[Start of section]

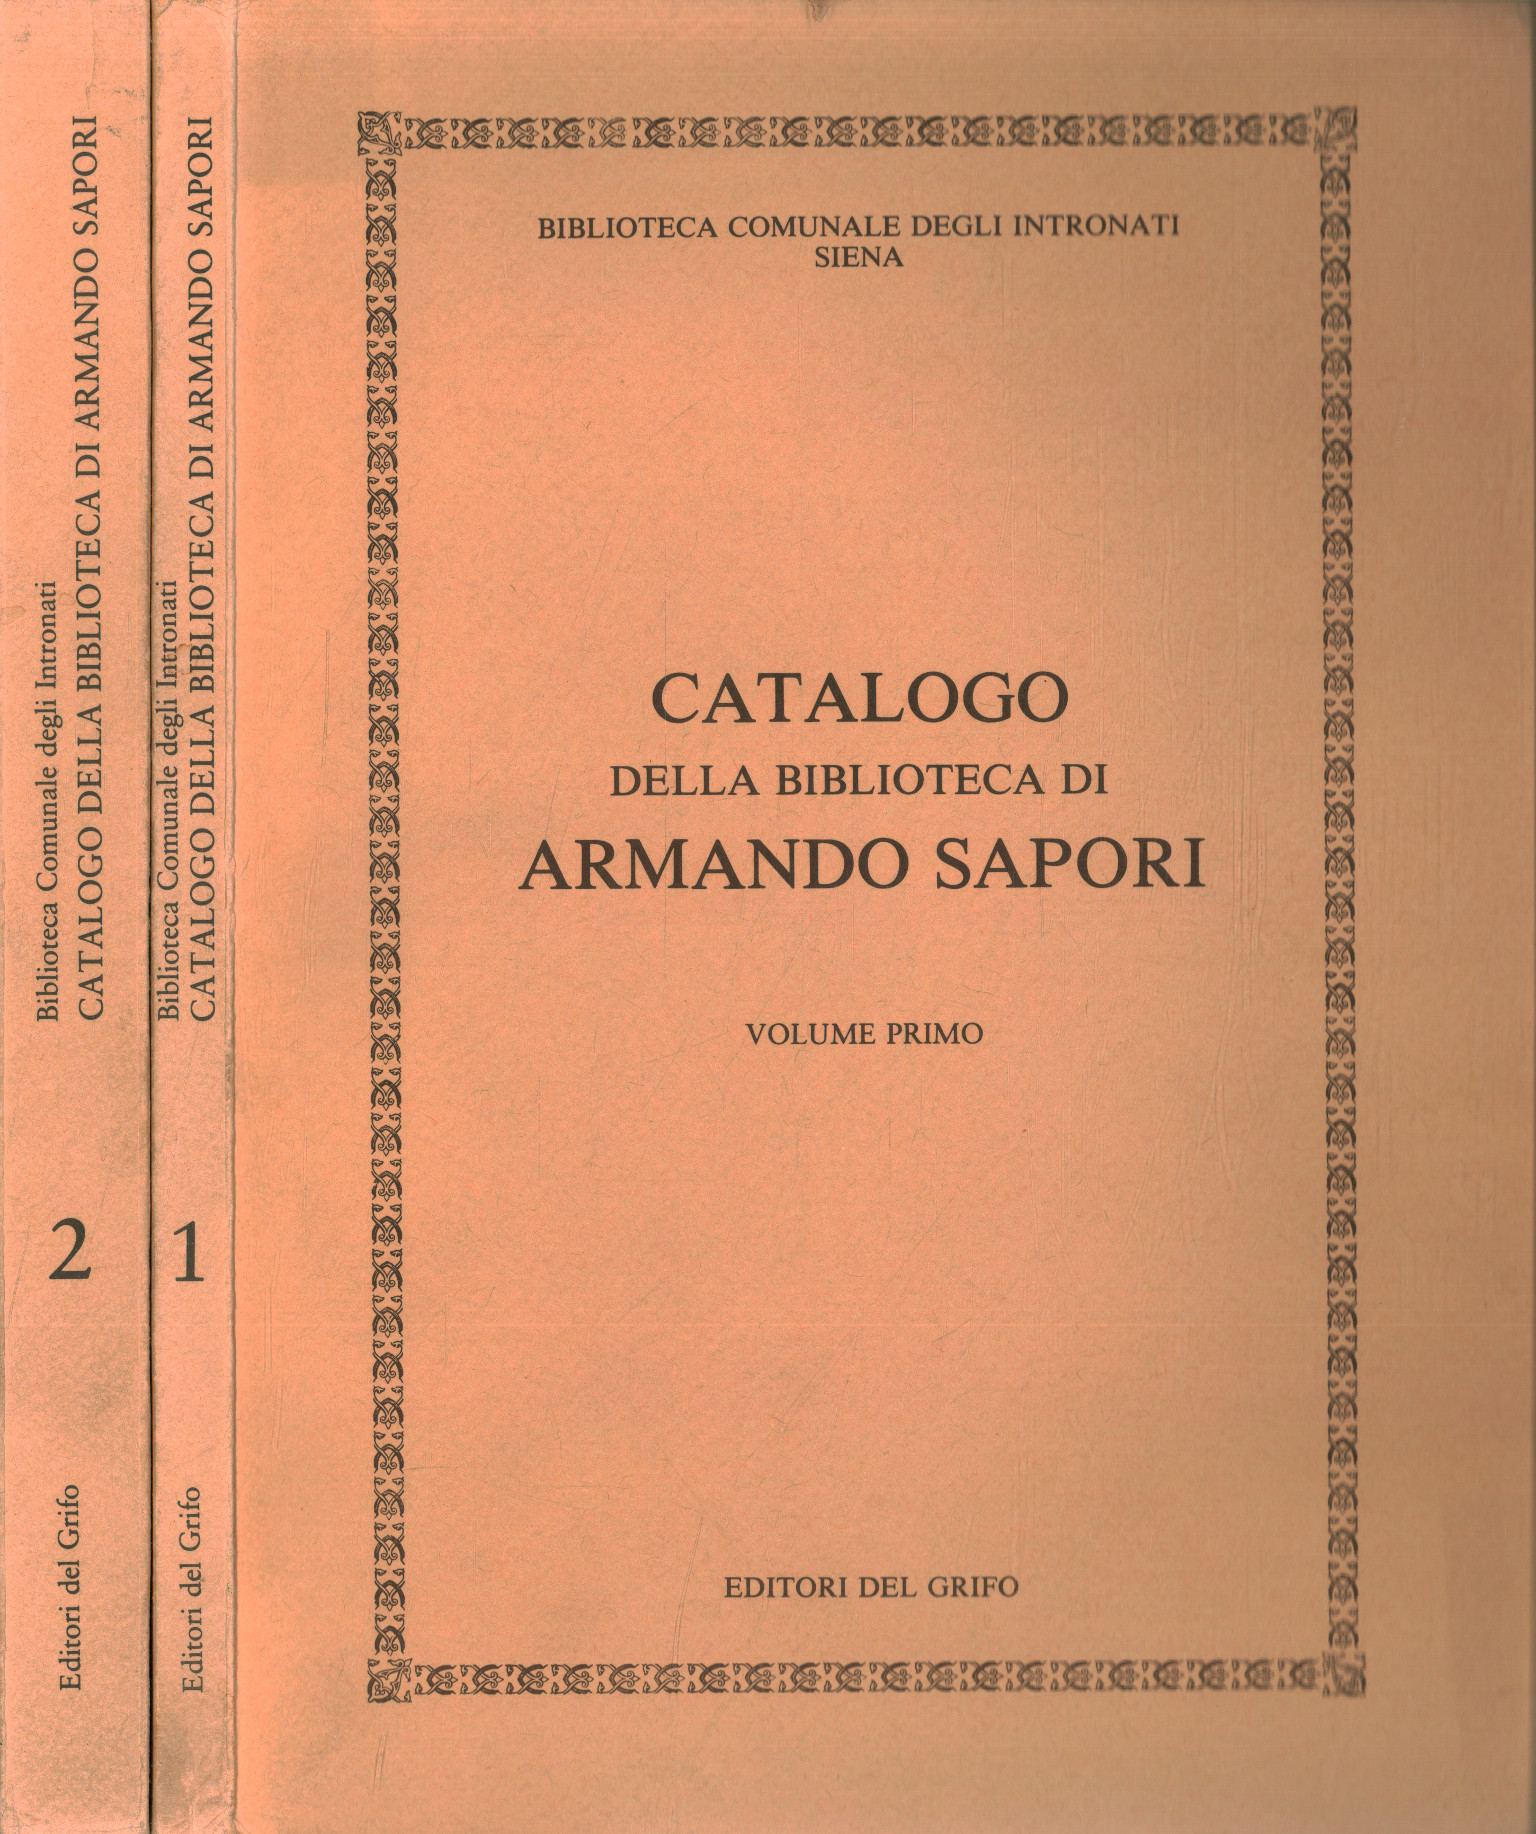 Katalog der Armando Sap-Bibliothek
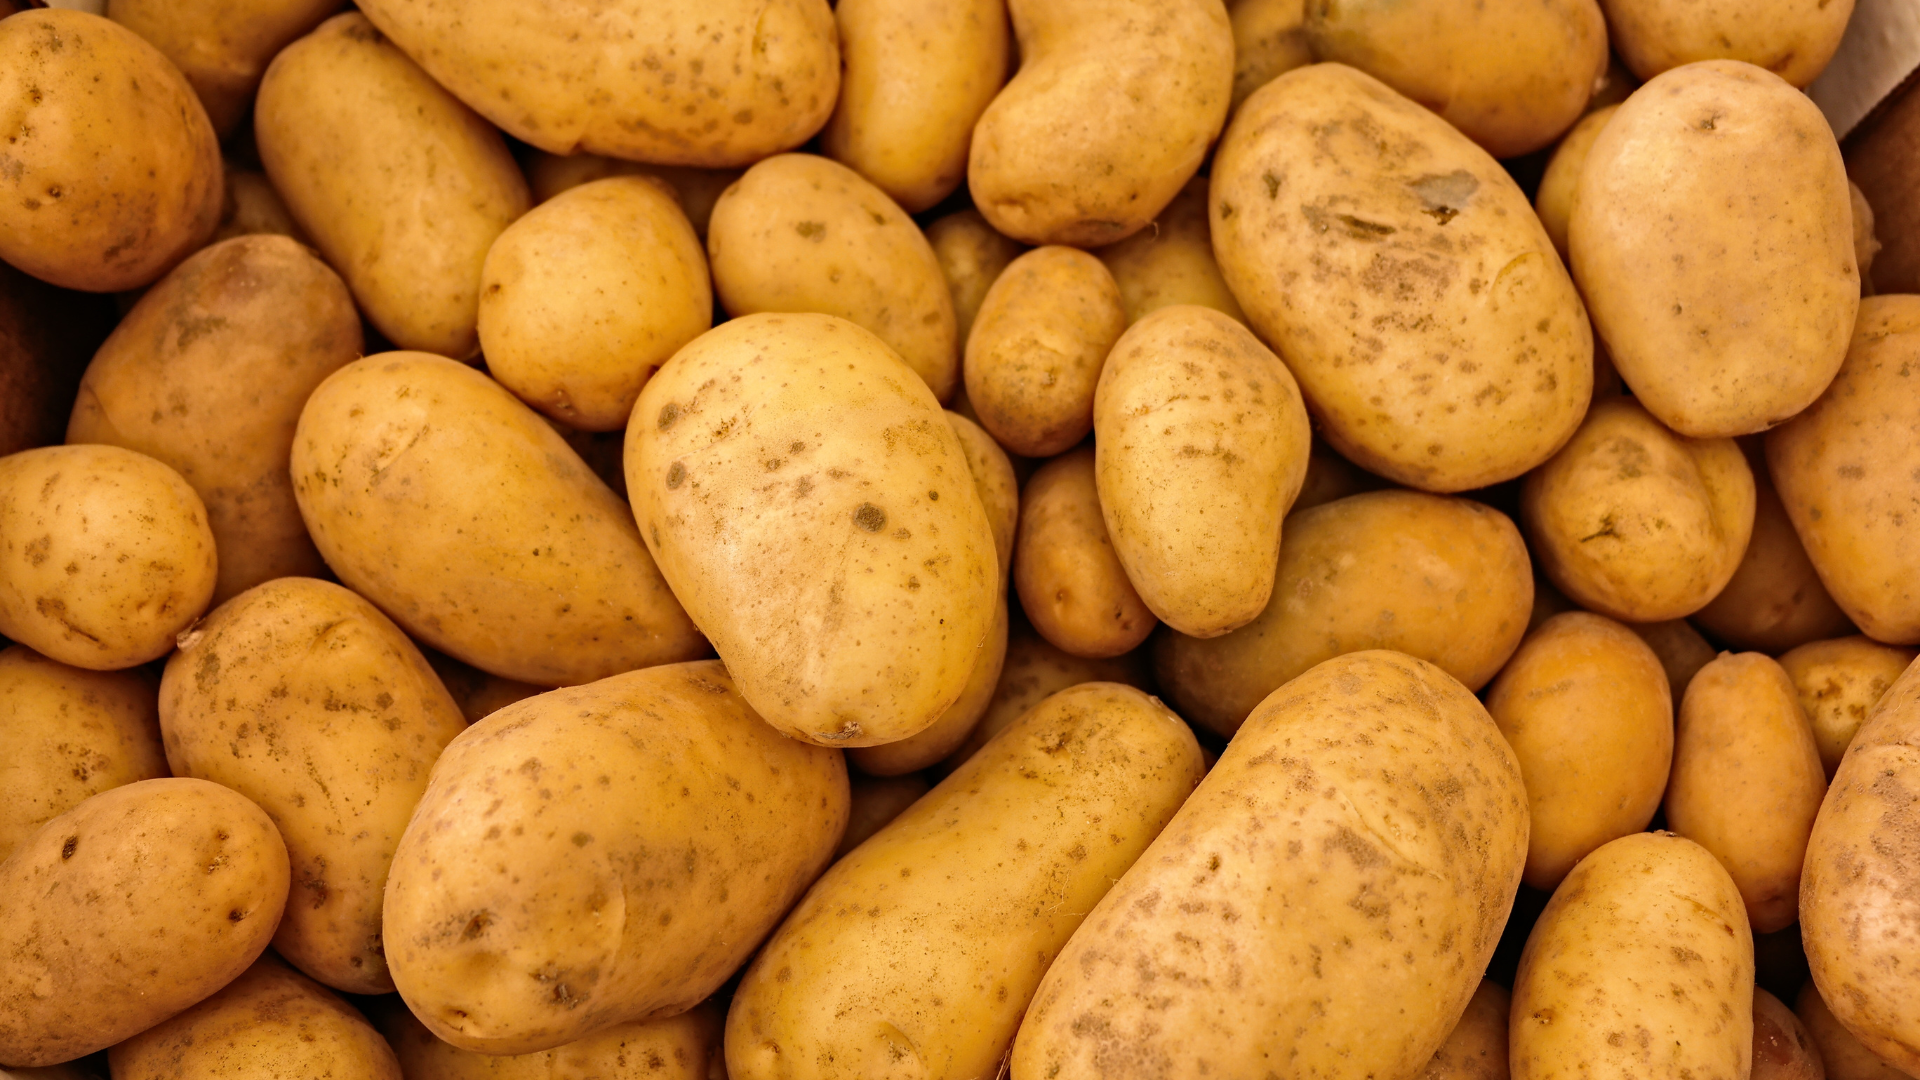 Motivos para cosumir batatas
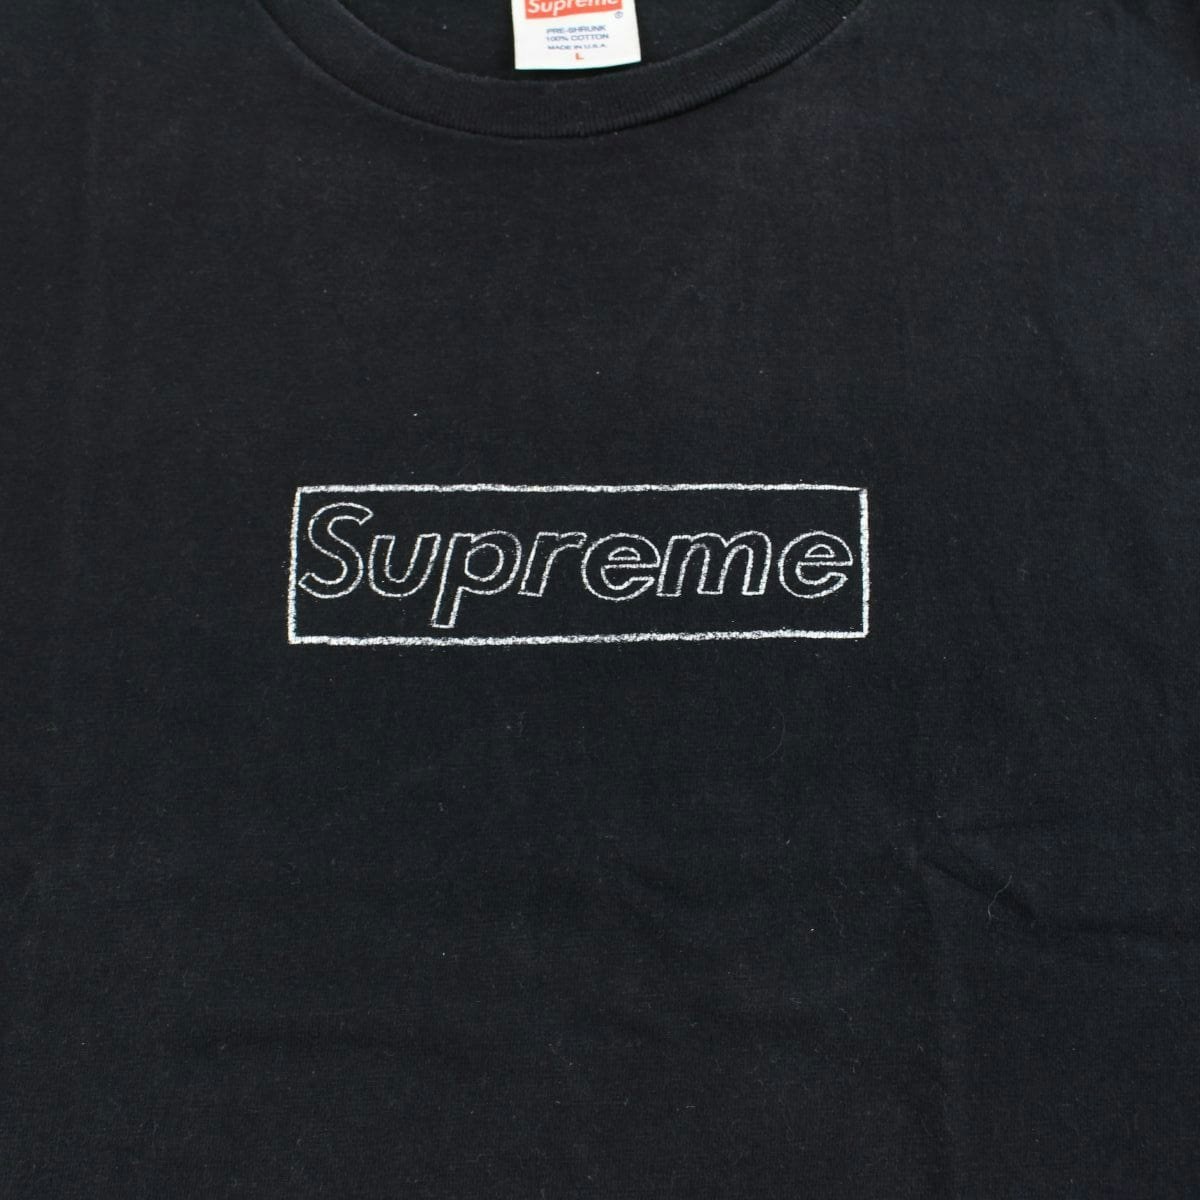 Supreme links with KAWS to create an artsy Box Logo T-shirt

[End of section]

Aim of the exercise: Could you write out the whole listing exactly, dropping the pictures?

Result for this exercise:
 Katalog der Armando Sap-Bibliothek
 Motivos para cosumir batatas
 Supreme links with KAWS to create an artsy Box Logo T-shirt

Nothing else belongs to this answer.